Studenten kunnen in Utrecht gebruik maken van de volgende voorzieningen:

-Samen met een studieadviseur van een onderwijsinstelling kan een contract worden opgesteld waarin staat dat een student aanspraak maakt op enkele faciliteiten. Het gaat daarbij bijvoorbeeld om een afgezonderde ruimte bij tentamens.

-Er is een apart introductieprogramma tijdens de UIT. De toenmalige faculteit Natuurkunde van de UU begon hier drie jaar geleden mee. Sinds afgelopen zomer is dit initiatief overgenomen door Studentenservice. De deelnemende UU- en HU-studenten krijgen voorlichting over de combinatie van autisme en studeren. Daarnaast bezoeken ze met een groep mentoren de introductieonderdelen die voor hen aantrekkelijk zijn. Afgelopen jaar waren er 13 deelnemers.

-De universitaire studentpsychologen hebben samen met het Autismeteam van de instelling voor geestelijke gezondheidszorg Altrecht een studieondersteuningsgroep in het leven geroepen. Daarbij is vooral aandacht voor het plannen en structureren van de studie, maar ook voor sociale vaardigheden zoals het contact zoeken met een docent en het samenwerken in groepen.

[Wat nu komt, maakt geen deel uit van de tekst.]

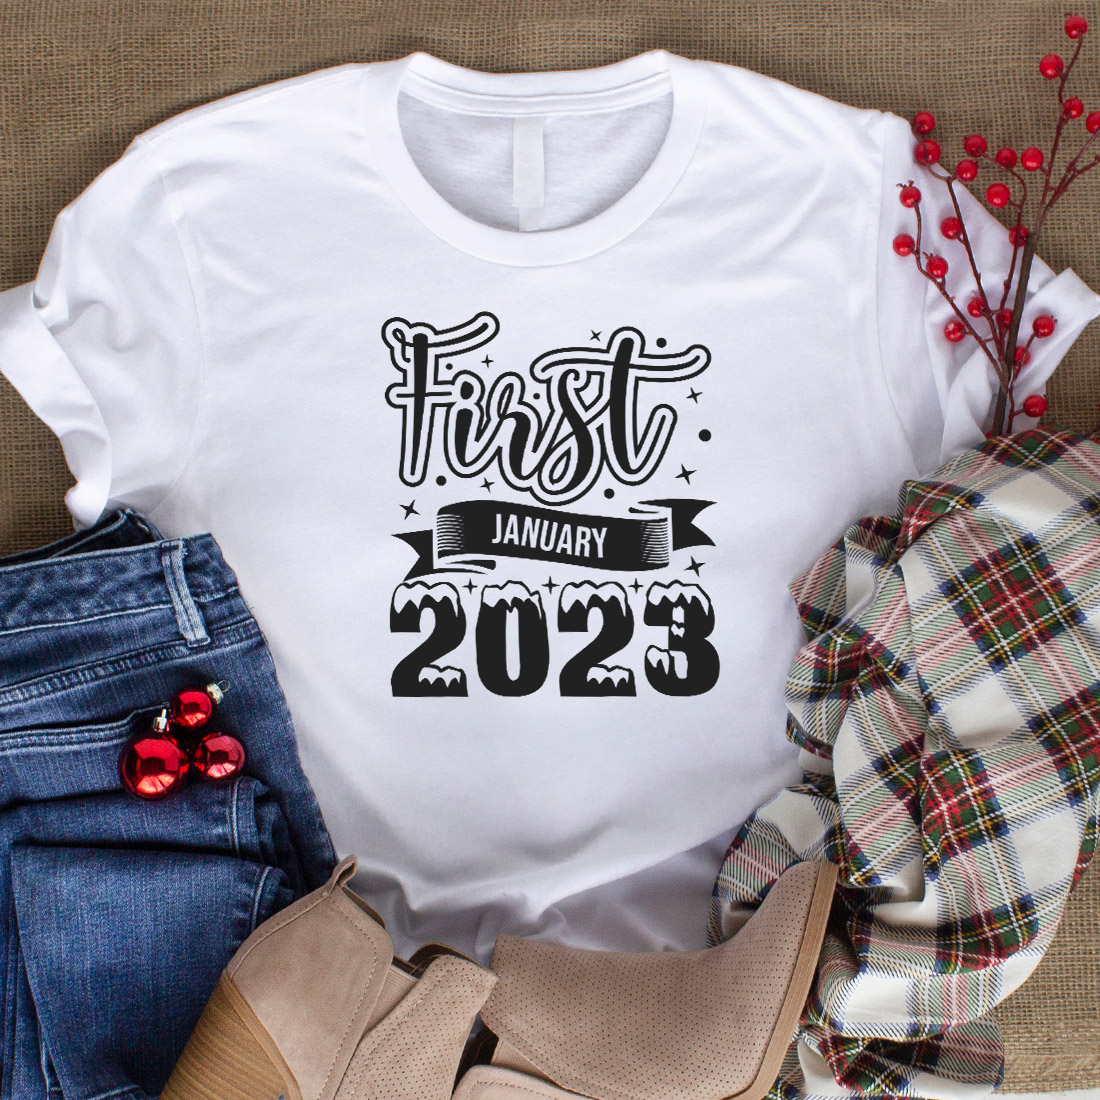 Image of a white t-shirt with a charming slogan First January 2023
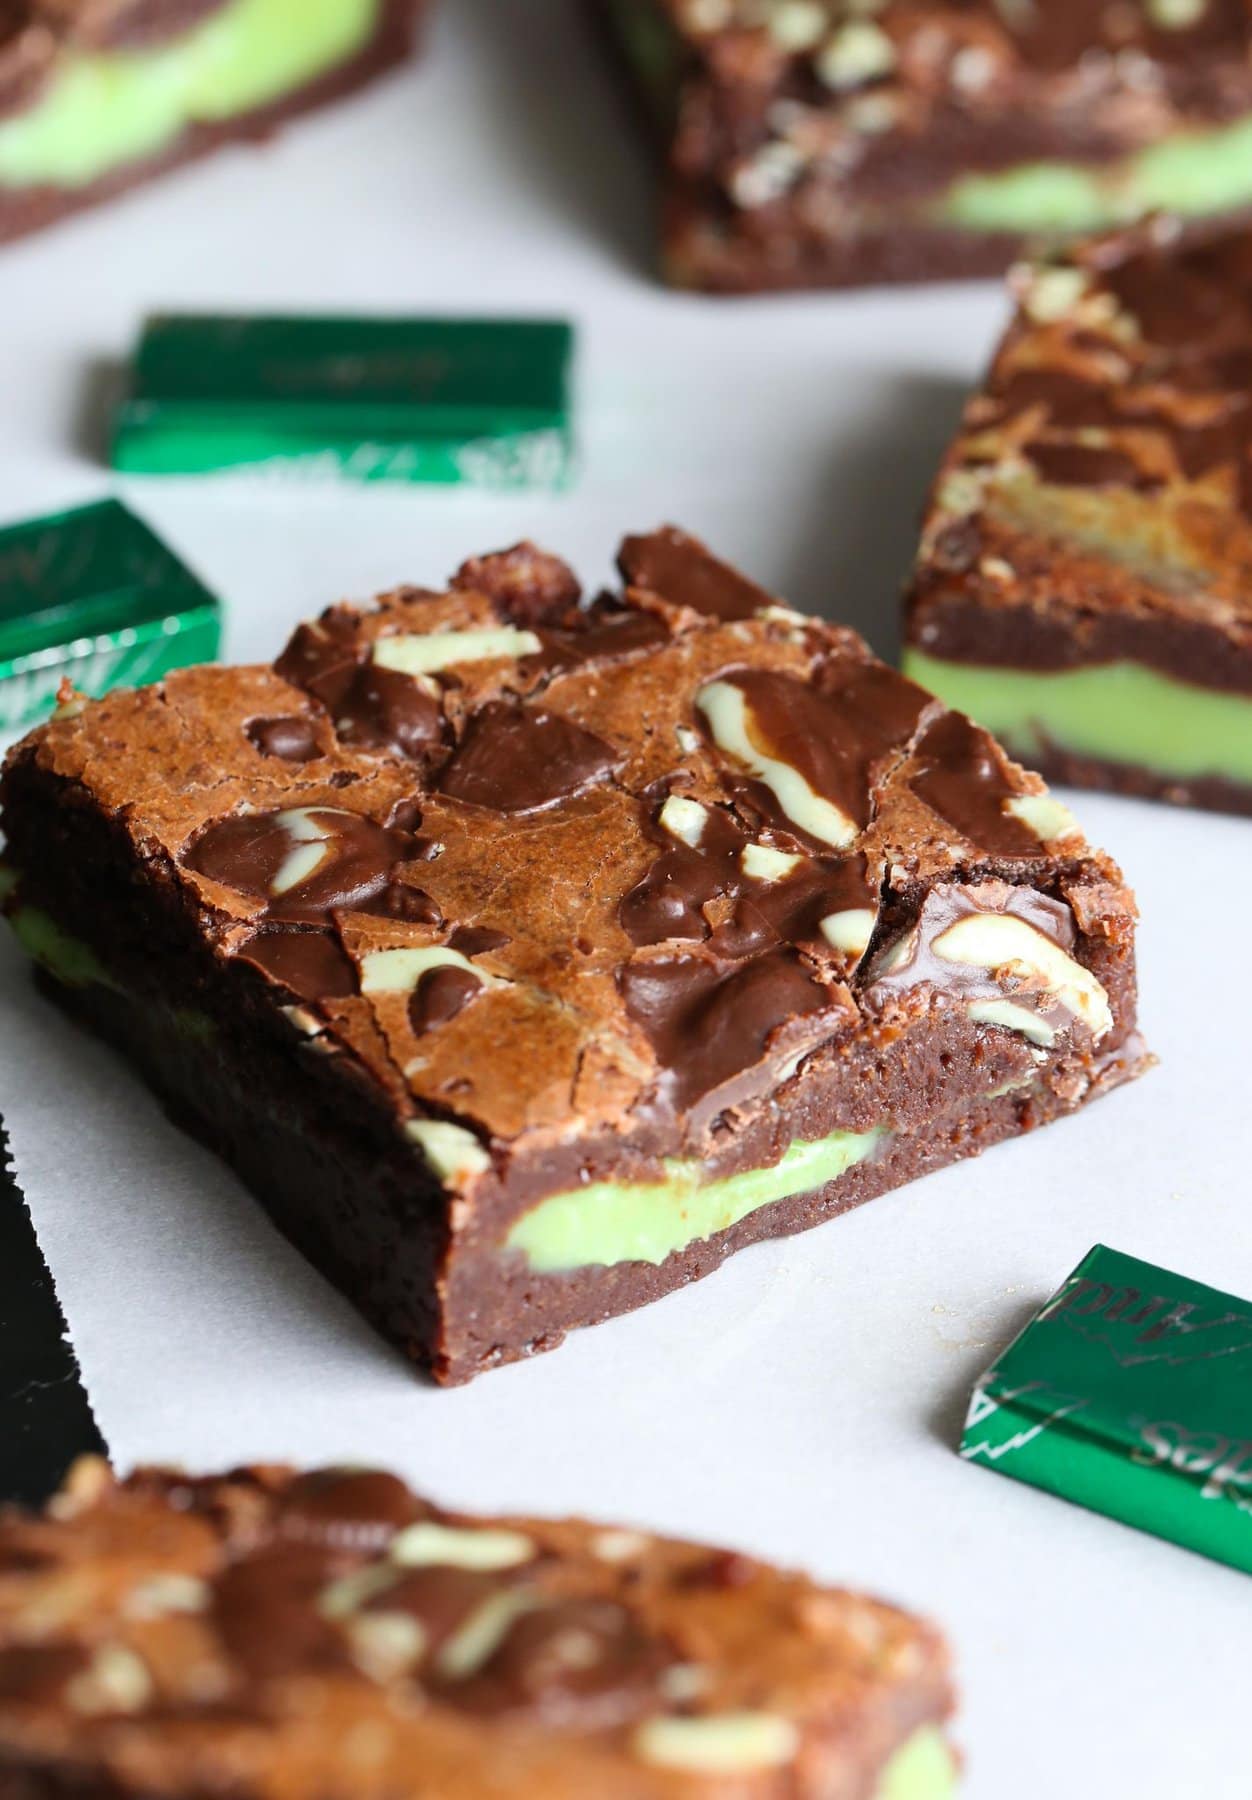 An assortment of mint fudge stuffed brownies surrounded by mint chocolate candies.

-SSH speelt in op de groeiende vraag naar huisvesting van bijzondere doelgroepen. De studentenhuisvester heeft in Casa Confetti vier kamers beschikbaar gesteld voor studenten uit de doelgroep. De studentdecaan overlegt met de SSH welke studenten daar een jaar mogen ‘leren’ zelfstandig te wonen. Het Autismeteam van Altrecht kan hulp bieden.

In het SSH-complex De Clophaemer in Overvecht zijn al eerder negen zelfstandige woningen beschikbaar gesteld. Ook in het nieuwe City Campus Max aan het Europaplein komen elf tweekamerwoningen. De voordracht van de studenten komt van stichting de Grasboom, een initiatief waarmee ouders zich inzetten om aangepaste woonvormen te realiseren.

-De SSH heeft de USF gevraagd een hospiteertraining voor studenten te organiseren.